List of servicemen, 1945, Canaras yearbook (Courtesy of Saranac Lake High School)

This June, the graduates of the Class of 2020 have walked through Saranac Lake High School one at a time to receive their diplomas with no other classmates beside them. It might be comforting to know that this is not Saranac Lake’s first lonely graduation ceremony. At the high school’s first graduation in 1896, there was only one graduate, Francis H. Slater.

Mr. Slater went on to work as a lawyer, and he kept a fond place in his heart for his humble academic roots. Later in life, he wrote a letter to the alumni association, saying, “I can think of nothing in my career which would be of any interest to those who have since gone out from the Saranac Lake High School, unless it may possibly be the fact that I am still trying to pay my just debts and with more or less success to apply the Golden Rule in business, as well as personal, affairs. … I have my High School diploma framed and hung in a conspicuous place in my private office, and am proud to have my name in the list of the alumni.”

Today’s students face an uncertain world, but they are in the company of young people in history who also confronted adversity. The first floor at Lake Placid High School is lined with photos of graduating classes. There on the wall are two extra photos for the wartime classes of ’44 and ’45. Eleven boys graduated early in January 1945 to go off to war. Five boys were in the next year’s January class. The June photos for both years are almost all girls.

Almost every boy in the Saranac Lake High School Canaras 1945 yearbook lists his future plans as entering one of the branches of the military. The yearbook lists the names of 36 boys who could not attend graduation because they were serving overseas.
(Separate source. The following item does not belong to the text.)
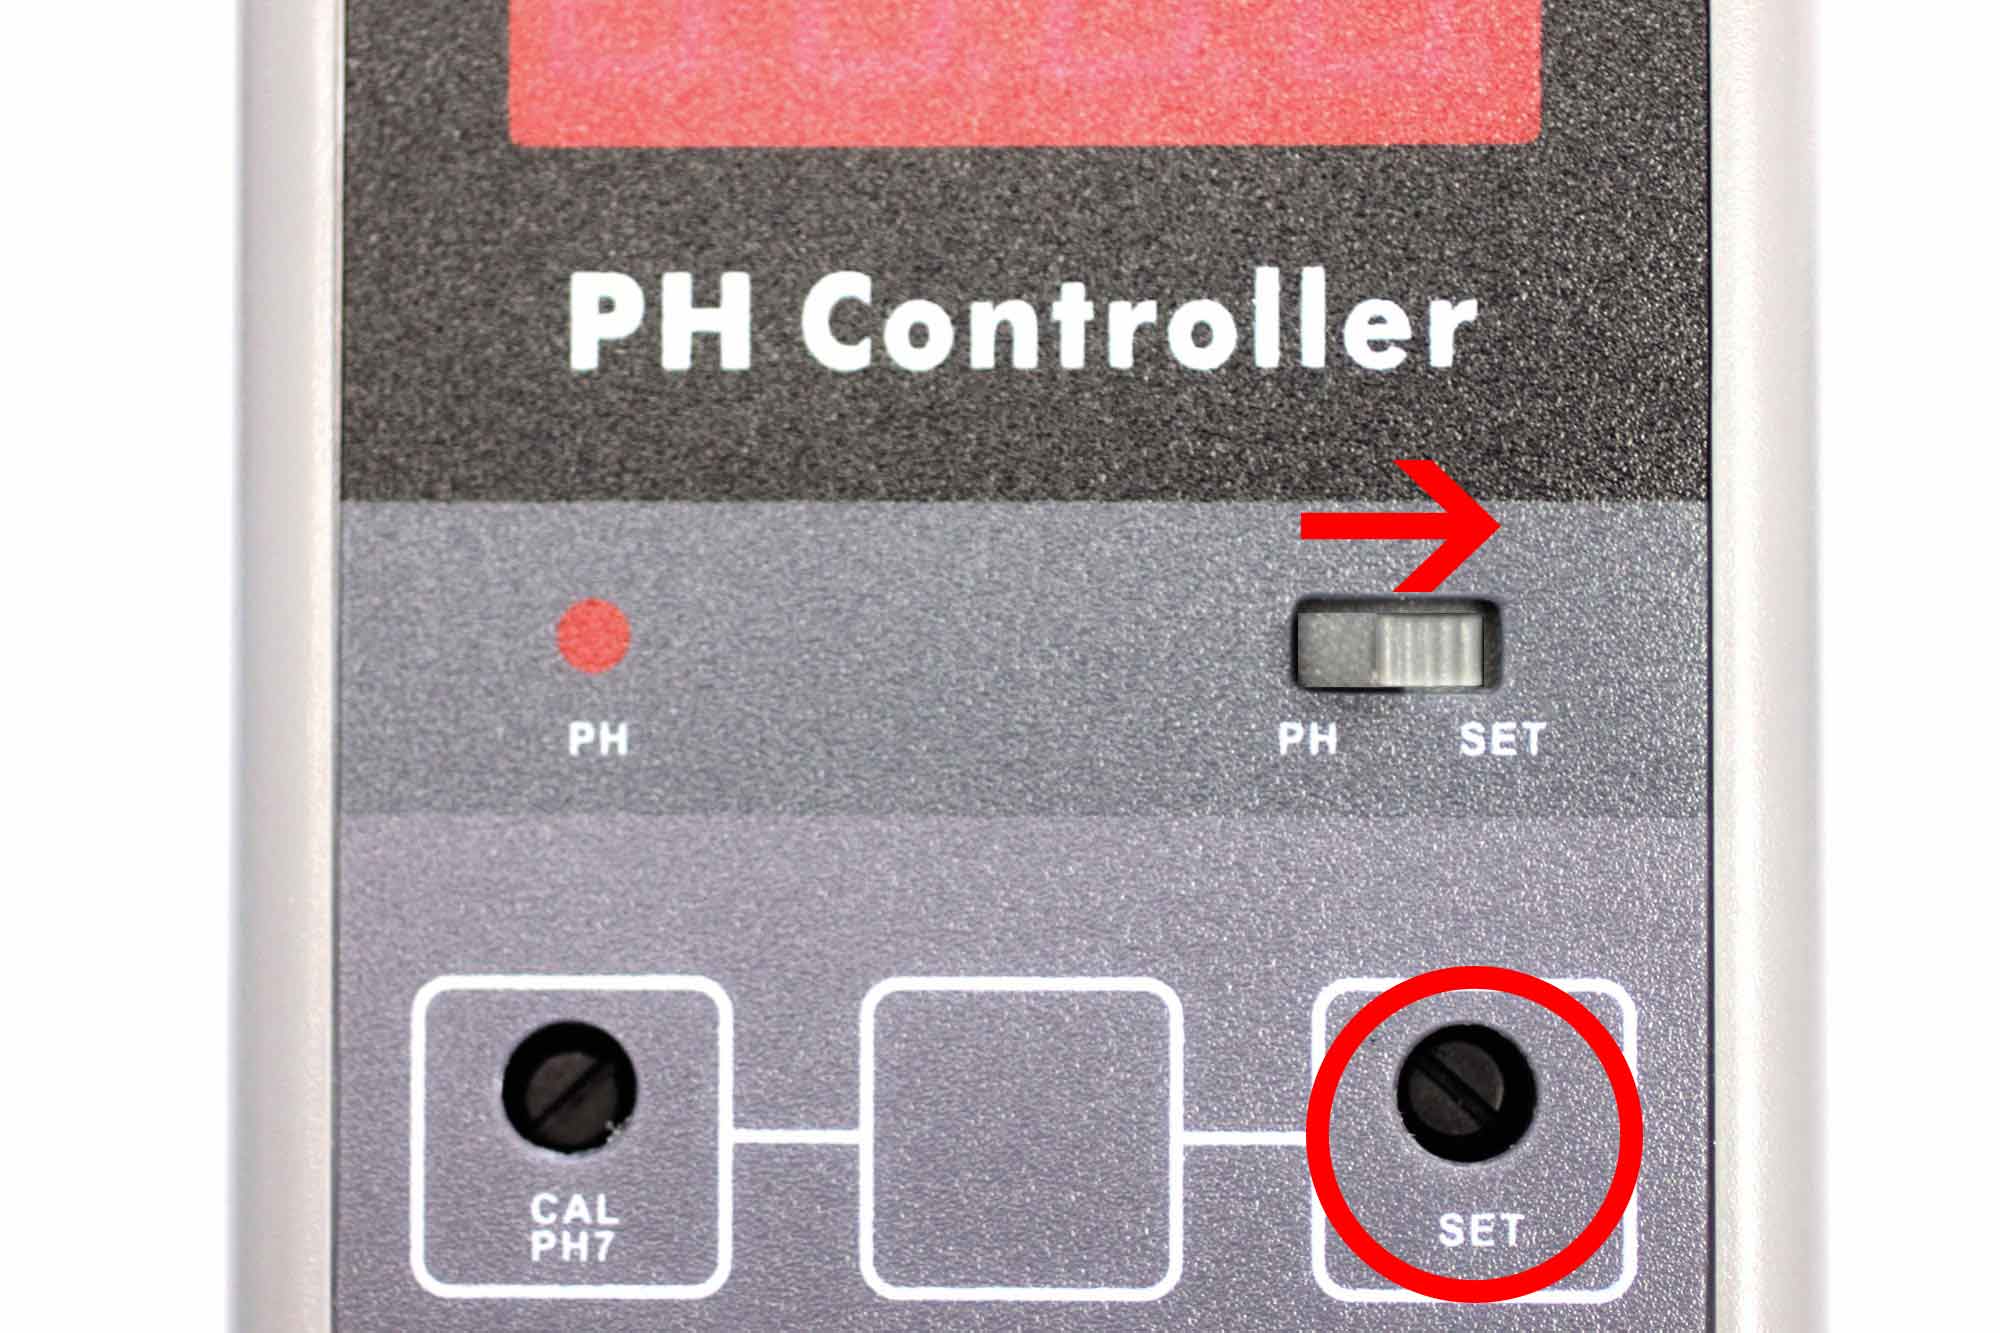 Réglage du niveau de pH sur le contrôleur

Three years later, the war was over, and the 1948 yearbook shows a full senior class. Under the photos of the graduating boys and girls are a multitude of plans for the future: engineer, teacher, mechanic, homemaker, farmer, doctor and a few “undecideds.” The young faces of Howard Riley, Natalie Leduc, Art Levy, Hilda Castellon, Manny Bernstein and Richard Yorkey smile out from the pages with so much determination and promise.

The Saranac Lake High School Class of 1948, Canaras yearbook (Courtesy of Howard Riley)

Born during the Great Depression and raised during World War II, the Class of 1948 didn’t take things for granted. Through challenging times, they learned the importance of hard work and the value of community. Class of 2020, you are in good company.

Amy Catania is executive director of Historic Saranac Lake.